The Design Highlights
• High-Order Symmetry: An intricate lattice composed of 62 faces total: 12 regular octagons, 8 regular hexagons, and 30 squares. * Radiant Silk Finish: Printed in premium Silk Gold filament, the structure possesses a deep metallic luster that catches the light across its 120 vertices, creating a shimmering effect as you move around it.
• Ultimate Shadow Art: Because of its high face count and complex intersections, this model projects the most detailed and rhythmic shadow pattern of the cubic series, transforming any surface into a mathematical mandala.
• Uniform Series Scale: Precision-engineered to a consistent 1.5 inch (39.6mm) edge length, allowing it to tower in "volume" over simpler shapes in your collection while maintaining perfectly matching proportions.
Specifications
• Material: High-quality, eco-friendly Silk PLA.
• Structure: High-resolution 3D-printed wireframe designed for maximum structural clarity.
• Vertex & Edge Count: 120 vertices and 180 edges.
• Display: Features an integrated suspension point for hanging as a kinetic sculpture, though its broad octagonal faces also allow for stable tabletop placement.
The Mathematical Story
The Truncated Cuboctahedron is often called the Great Rhombicuboctahedron.

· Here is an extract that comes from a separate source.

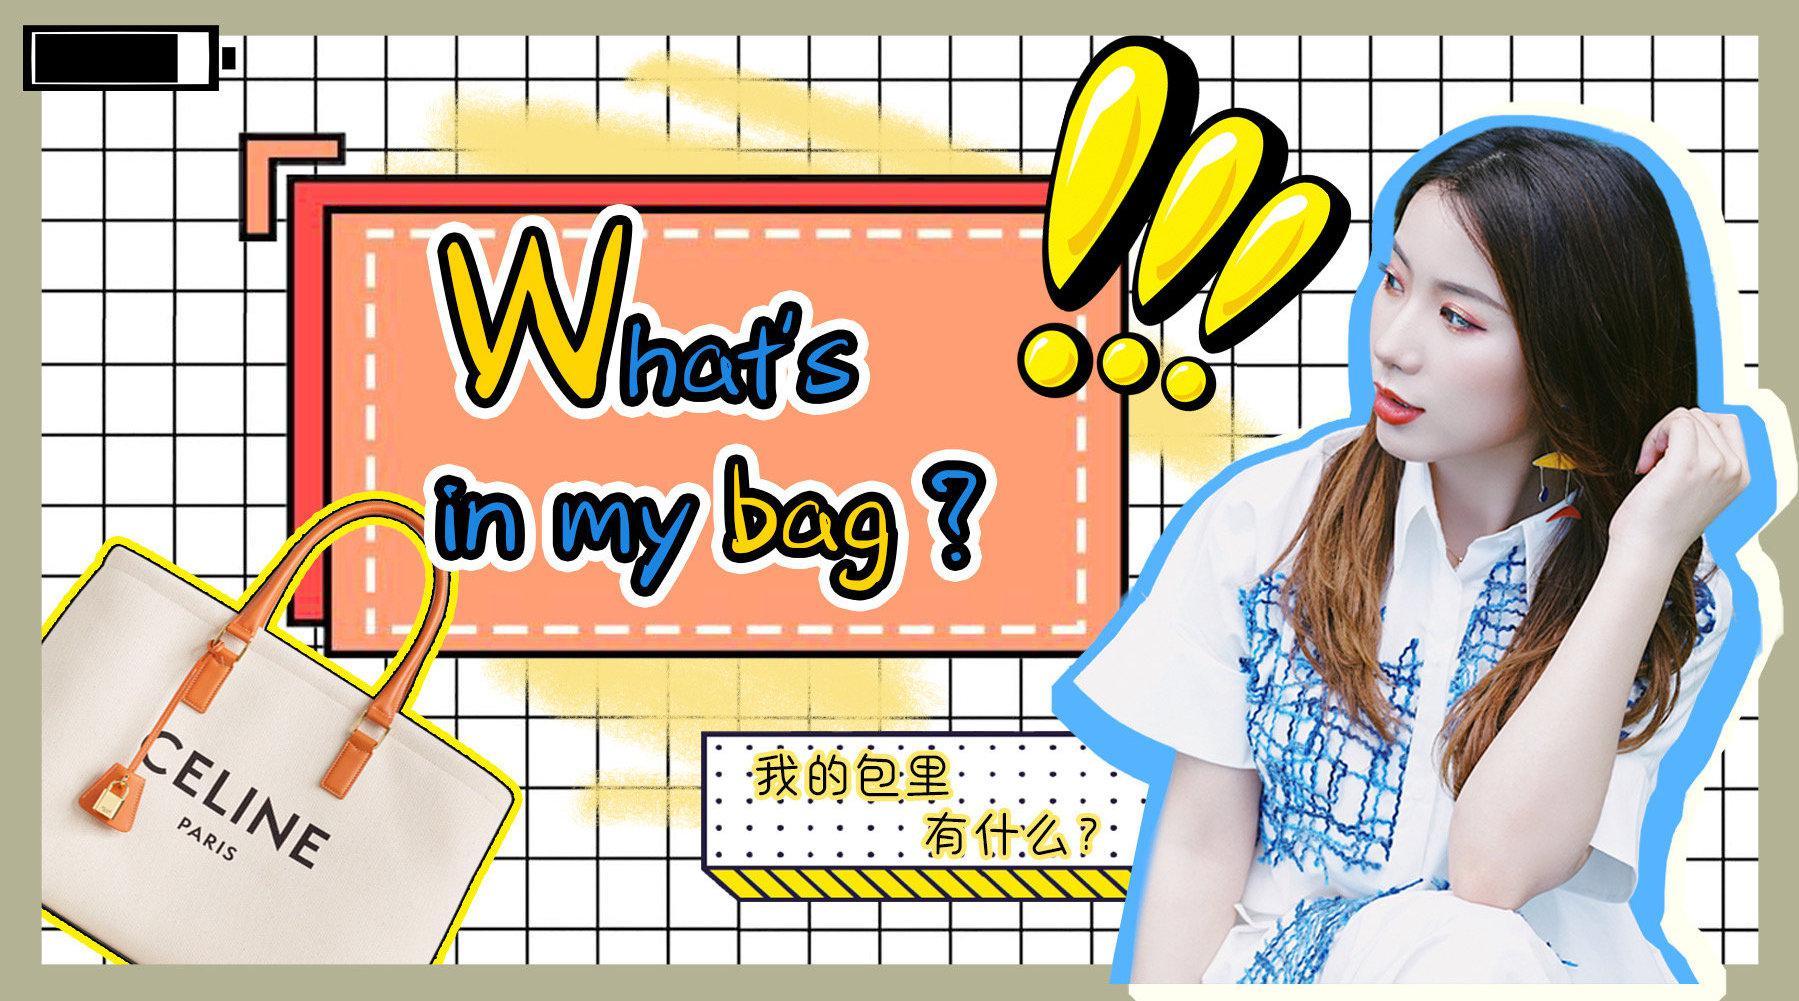 翻包记 | Whats in my bag? 我的包里有什么! 大型翻包现场!

It is a "zonohedron," meaning every face has a center of symmetry. In this model, you can see the culmination of the truncation process: by "cutting" the corners of a cuboctahedron, the squares become octagons, the triangles become hexagons, and new square faces emerge at every vertex. It represents the limit of how complex a solid can become while remaining within the cubic symmetry group.